# Data block

+---+

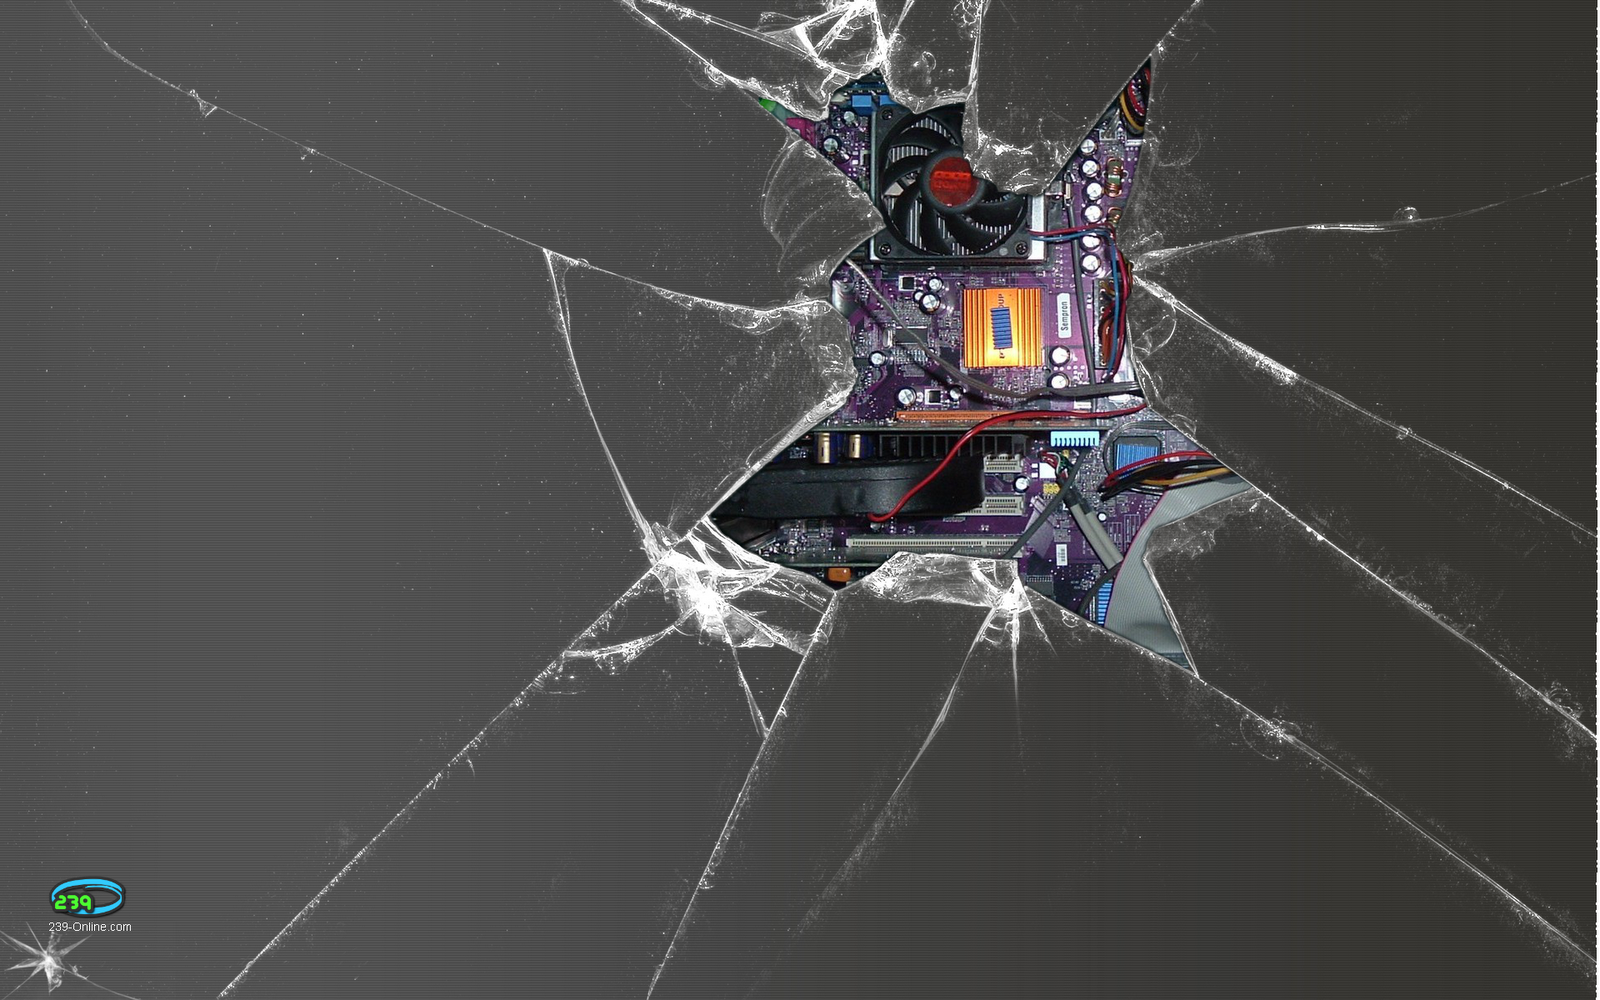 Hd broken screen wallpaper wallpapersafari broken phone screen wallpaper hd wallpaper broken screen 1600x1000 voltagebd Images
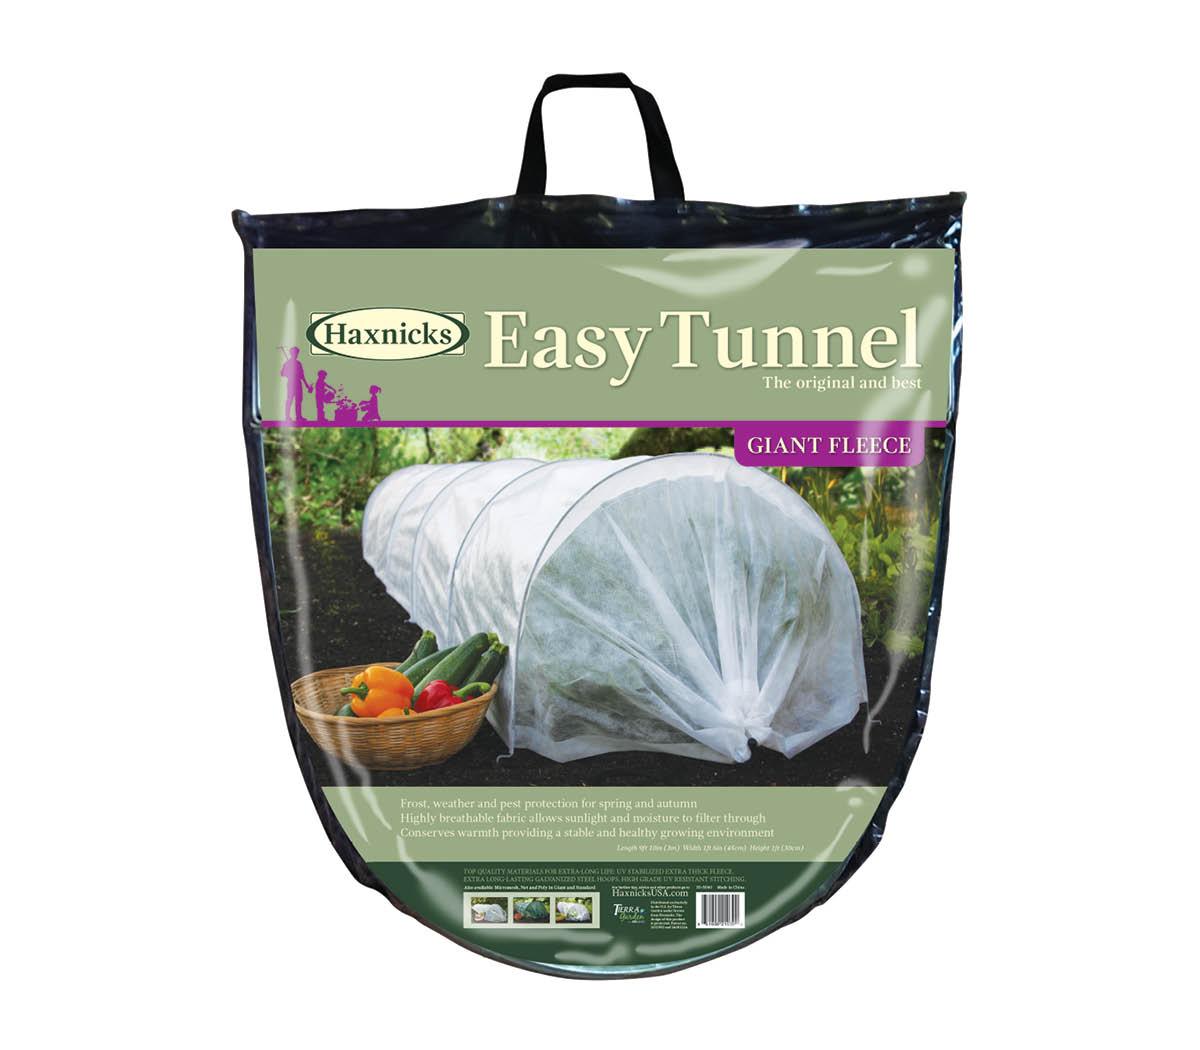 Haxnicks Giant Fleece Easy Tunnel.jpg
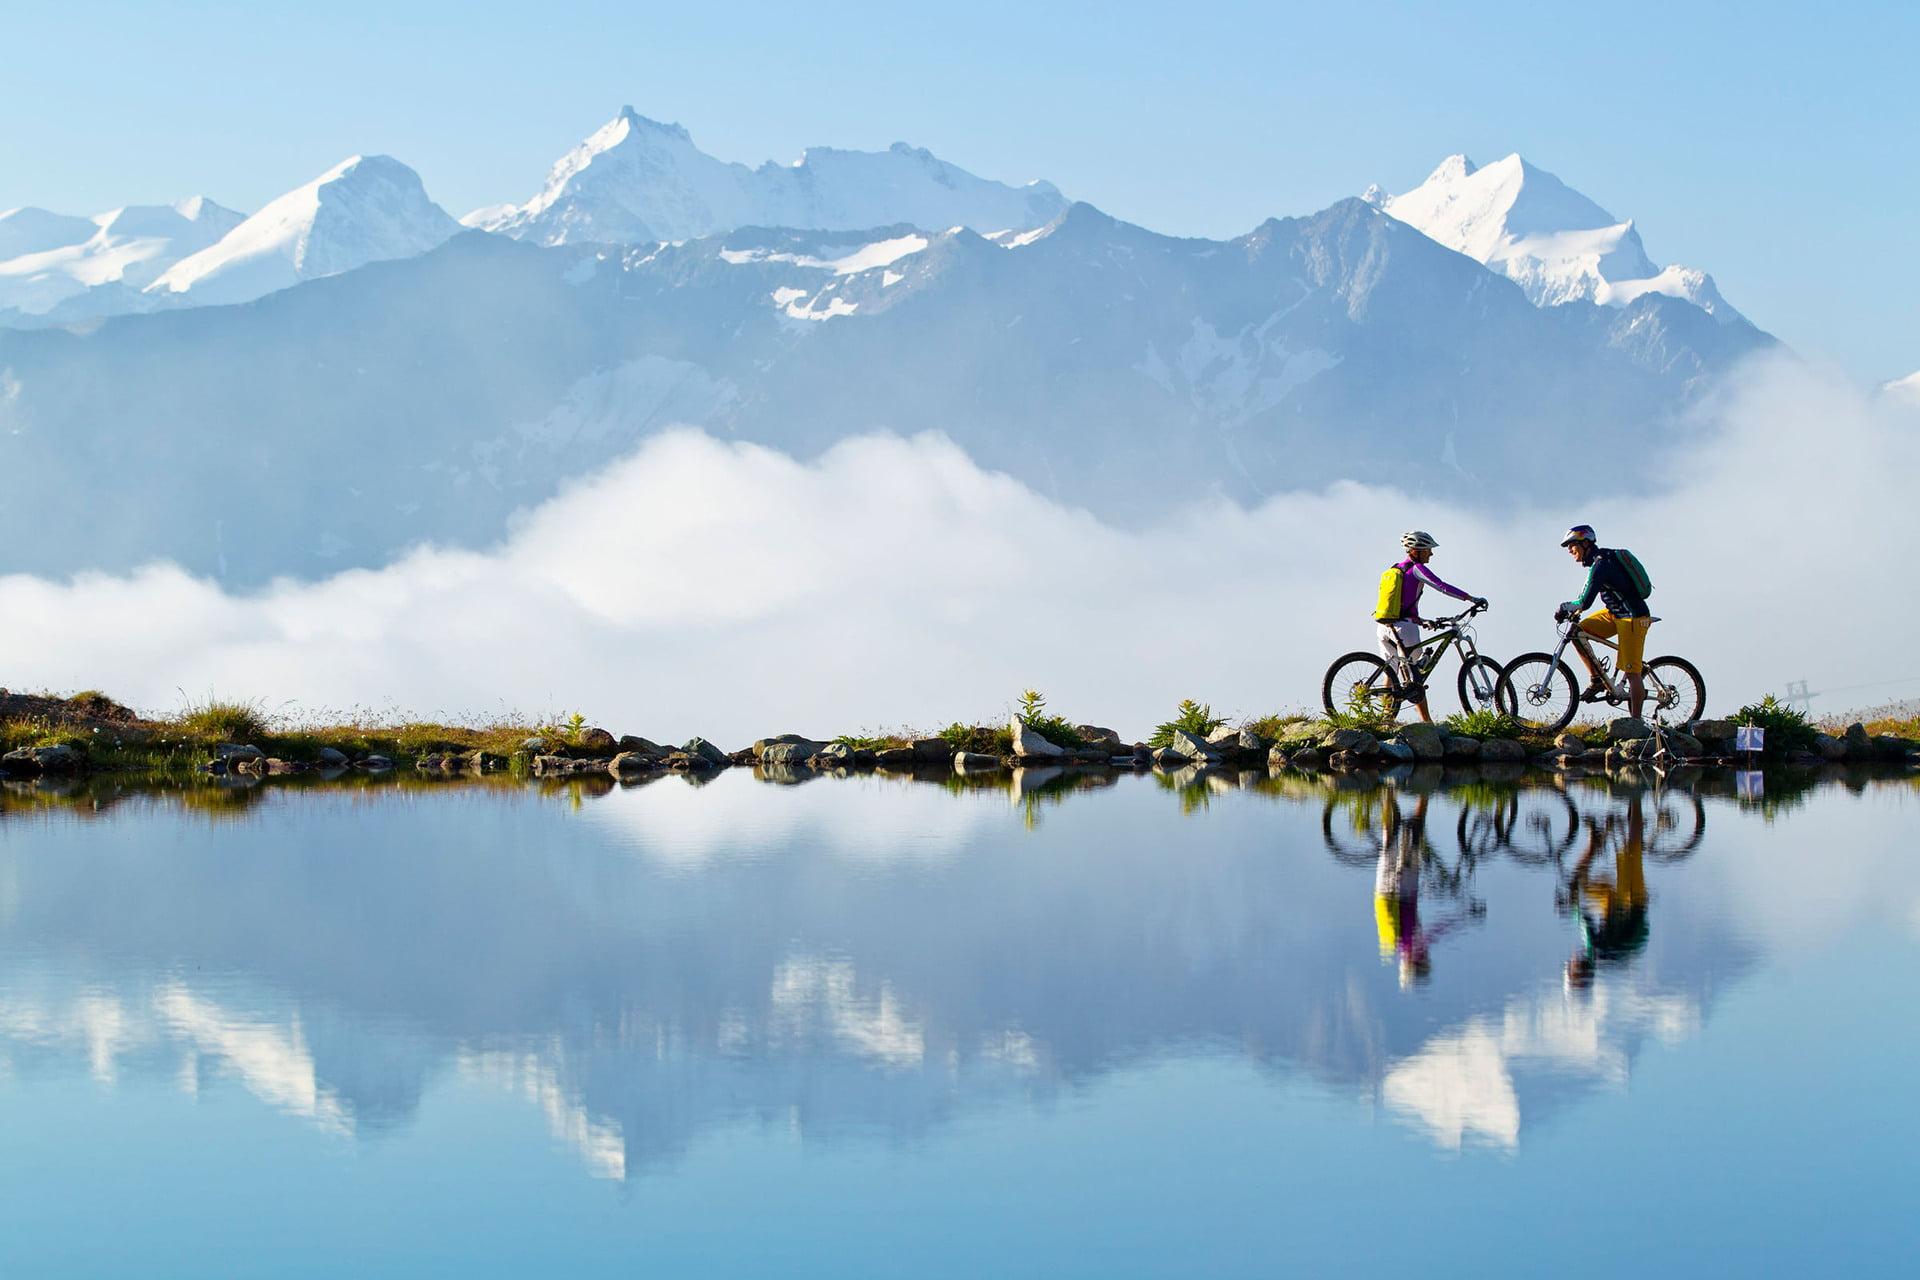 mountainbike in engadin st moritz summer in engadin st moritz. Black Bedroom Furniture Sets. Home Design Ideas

+---+

Skip the pictures, then return the rest of the data exactly.

# Result of the exercise
 Hd broken screen wallpaper wallpapersafari broken phone screen wallpaper hd wallpaper broken screen 1600x1000 voltagebd Images
 Haxnicks Giant Fleece Easy Tunnel.jpg
 mountainbike in engadin st moritz summer in engadin st moritz. Black Bedroom Furniture Sets. Home Design Ideas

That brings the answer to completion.